Another 11 day luteal phase. Bugger. Bugger bugger bugger bugger bugger.

In less than two weeks I have a ‘well, now, anything to add?’ appointment at my old NHS fertility clinic, which I wondered at the point of, given that back in the summer said clinic and I seemed to be washing our hands of each other. And here is the point. My luteal phase is shortening again, Satsuma’s on an erratic bender, and I get far too many weird and inexplicable pains and cramps and such-like in the lead-up to ovulation and I don’t like it. But I do have a strong suspicion that Miss Consultant, or her minion, depending on who I see, will shrug. And then we will try to stare each other down, like cats on a high fence. And the person with the medical degrees will probably win, and I will turn tail and shuffle off home in a temper.

Meanwhile, inevitably, OW.

Thermometer says no

Title of post says it all, really.

As I was staring glumly at the depressingly low number on the digital read-out on said thermometer, H leaned over and asked me what it was. And then he was glum too.

There was much counting and recalculating of days this morning, because if I am now 11dpo (chart says so, at least), my period could start any time between tomorrow and Monday (no, I do not have a regular luteal phase. Why on earth would I have a regular luteal phase? That’s for normal women), and we had tickets for amusingness on Monday evening, and tickets for a concert on Tuesday evening, and any way I slice it, I’ll be in A Bad Way for at least one and almost certainly both of these events, and it is NOT FAIR *stamps little princess feet*.

H wondered if I should take the low-dose aspirin for a couple of days anyway, in case it at the very least dealt with the ‘clot colic’ aspect of The Horror To Come by lessening the, err, clots. I wonder it too, now.

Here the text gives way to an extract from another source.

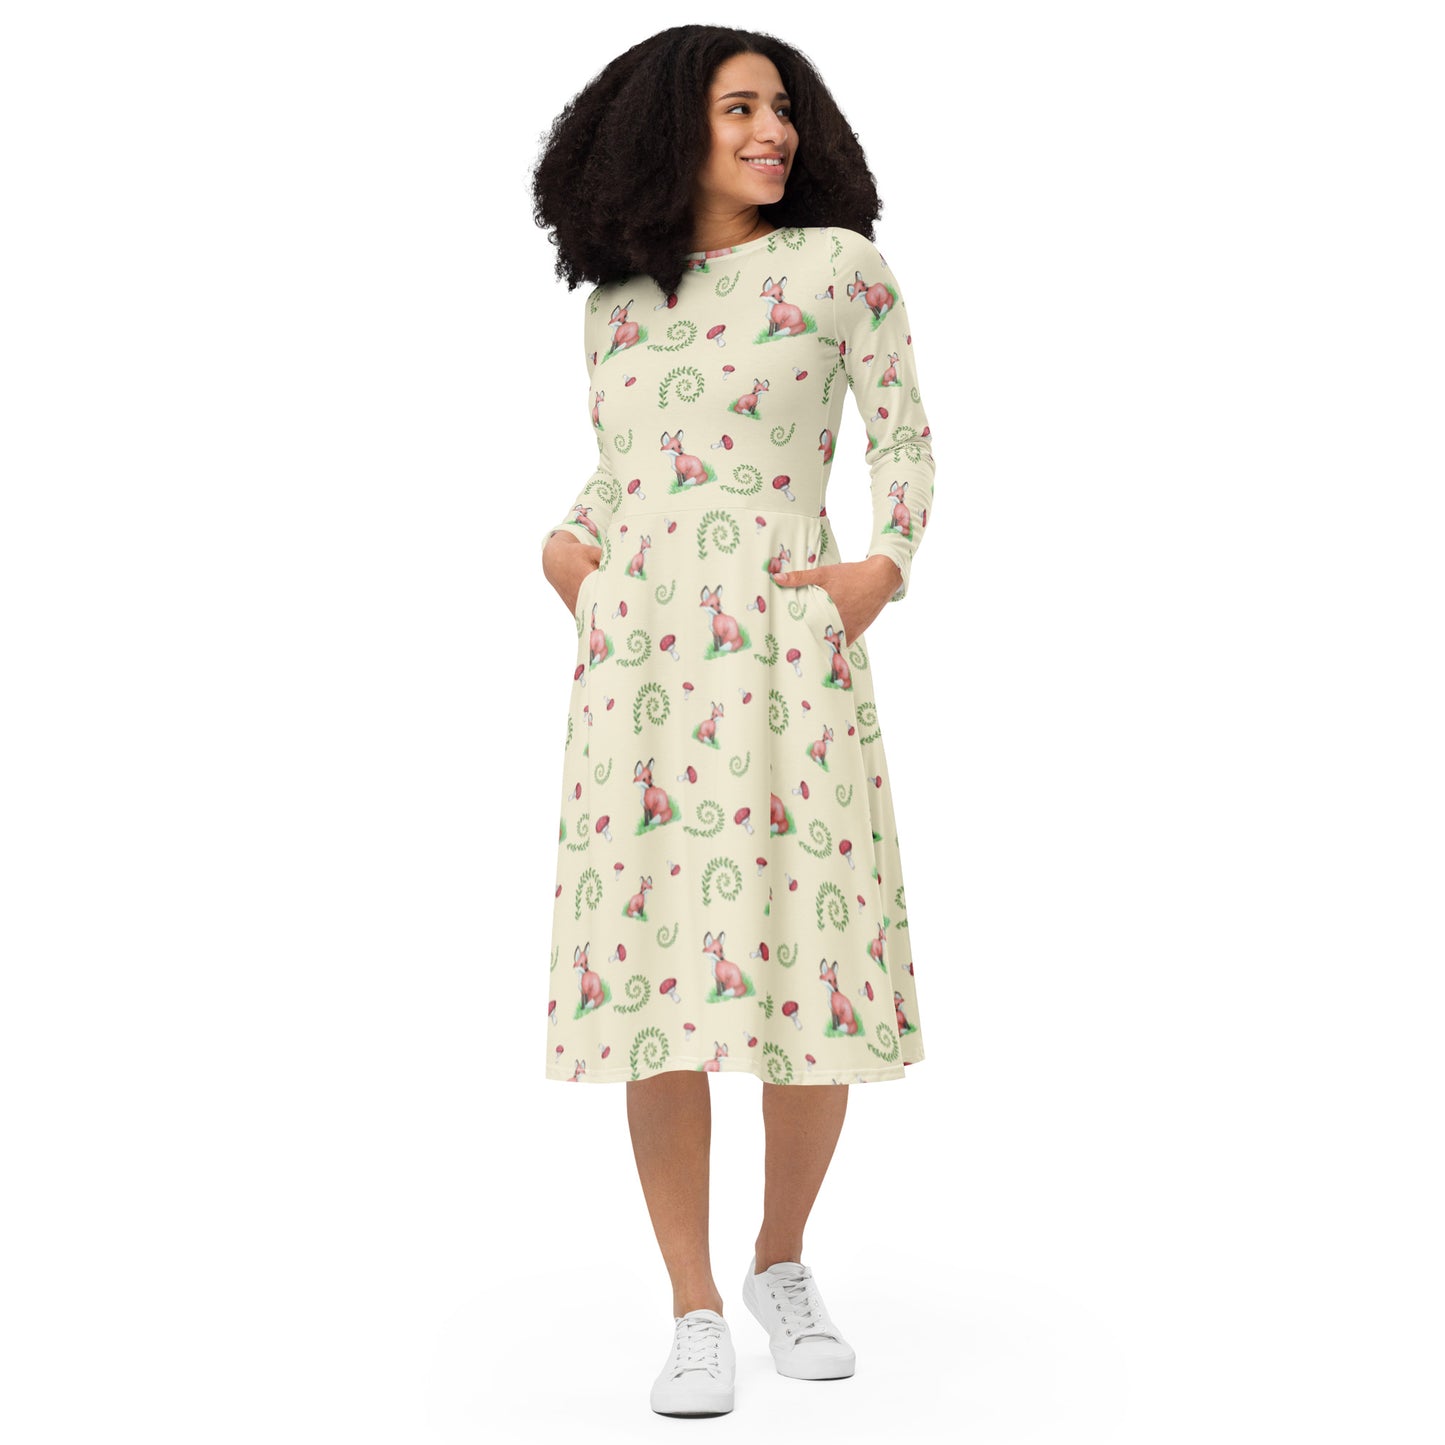 Fox pattern long sleeve midi dress with side pockets, fitted waist, and flared bottom. Foxes, ferns, and mushrooms are patterned on the apricot white fabric. Soft and comfortable. Front view on female model.

Perhaps I shall try it and report back. Once I’ve checked interactions with all the other painkillers I have stacked on top of the fridge. (What? I like unnerving visitors to my kitchen. A girl’s got to get her fun somewhere).

Anyway. I am feeling very glum. I do not want to be shoved back into the Ocean of Ovulatory Limbo. I do not want to start all over again. I do not want to get my period. Not at all.